According to a preferred embodiment of the invention, the leading edge of the blade is located in a plane essentially perpendicular to the axis of the impeller. As is common knowledge, a pump often operates over a wide range of flow and head variations, and the preferred embodiment allows its self-cleaning capability to be maintained independent of different operating conditions.

The third part of the invention relates to a preferred embodiment where the connection of the leading edge to the hub is adjacent the end face 8 of the hub 1, i.e. the hub has no central protruding boss. This reduces the risk of dirt wrapping around the central portion of the impeller.

Claims (4)

1. A centrifugal or semi-axial flow pump impeller for a pump for pumping sewage, characterized by:

the impeller is provided with one or several blades (2) whose leading edge (3) is swept back towards the periphery, the precise sweep angle (α) being defined as: at each point on the leading edge, the normal (6) to the leading edge and the projected relative velocity (W) of the pumped medium at that point_R) The sweep angle is limited to 40-55 degrees at the connection point (4) of the front edge and the hub (1), to 60-75 degrees at the outer periphery (5) of the front edge, and to the rear of the other pointsThe sweep angle varies approximately smoothly between the two.

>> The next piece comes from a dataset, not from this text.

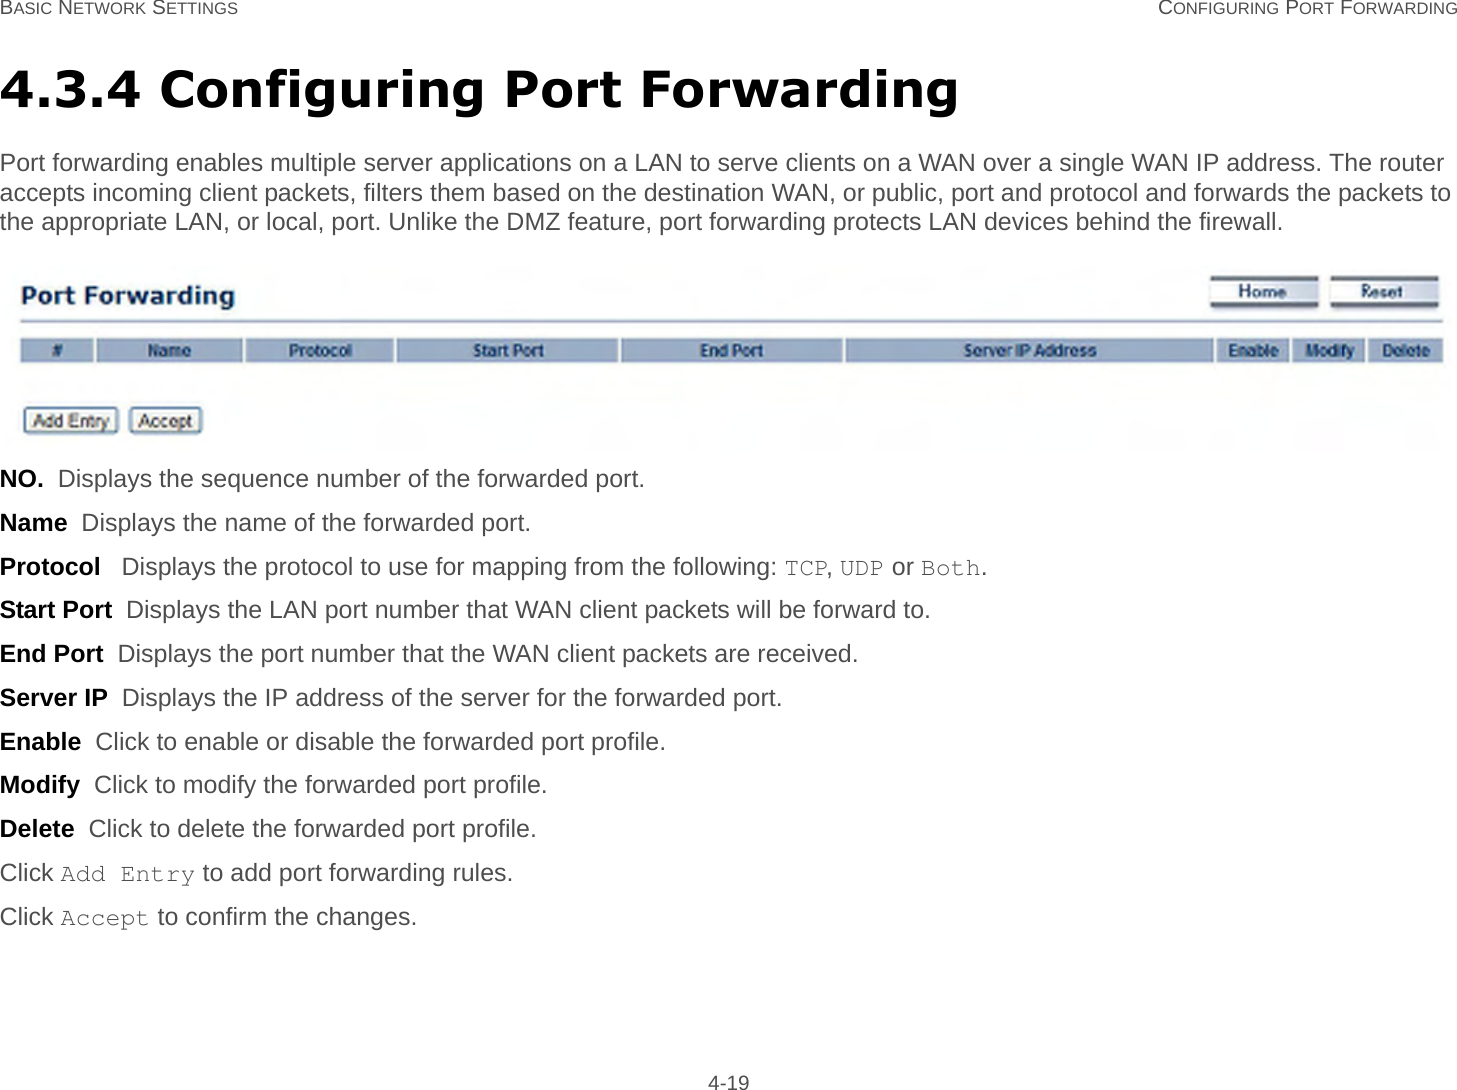 BASIC NETWORK SETTINGS CONFIGURING PORT FORWARDING 4-194.3.4 Configuring Port ForwardingPort forwarding enables multiple server applications on a LAN to serve clients on a WAN over a single WAN IP address. The router accepts incoming client packets, filters them based on the destination WAN, or public, port and protocol and forwards the packets to the appropriate LAN, or local, port. Unlike the DMZ feature, port forwarding protects LAN devices behind the firewall.NO.  Displays the sequence number of the forwarded port.Name  Displays the name of the forwarded port.Protocol   Displays the protocol to use for mapping from the following: TCP, UDP or Both.Start Port  Displays the LAN port number that WAN client packets will be forward to.End Port  Displays the port number that the WAN client packets are received.Server IP  Displays the IP address of the server for the forwarded port.Enable  Click to enable or disable the forwarded port profile.Modify  Click to modify the forwarded port profile.Delete  Click to delete the forwarded port profile.Click Add Entry to add port forwarding rules.Click Accept to confirm the changes.

2. The pump impeller of claim 1, wherein:

the normal (b) of a point on the leading edge (3) and the projected relative velocity (W) of the pumped medium at that point_R) The value of the included angle (alpha) is limited within the range of 45-55 degrees at the connecting point (4) of the front edge and the hub (1), is limited within the range of 62-72 degrees at the outer periphery (5) of the front edge, and the values of alpha of the rest points are changed between the front edge and the hub approximately and smoothly.

3. The pump impeller of claim 1, wherein:

the leading edges (3) of the blades (2) lie in a plane substantially perpendicular to the impeller axis (Z), wherein the absolute velocity of the pumped medium is mainly in the axial direction.

4. The pump impeller of claim 1, wherein:

the connection point (4) of the leading edge (3) to the hub (1) is located adjacent to the end face (8) of the hub.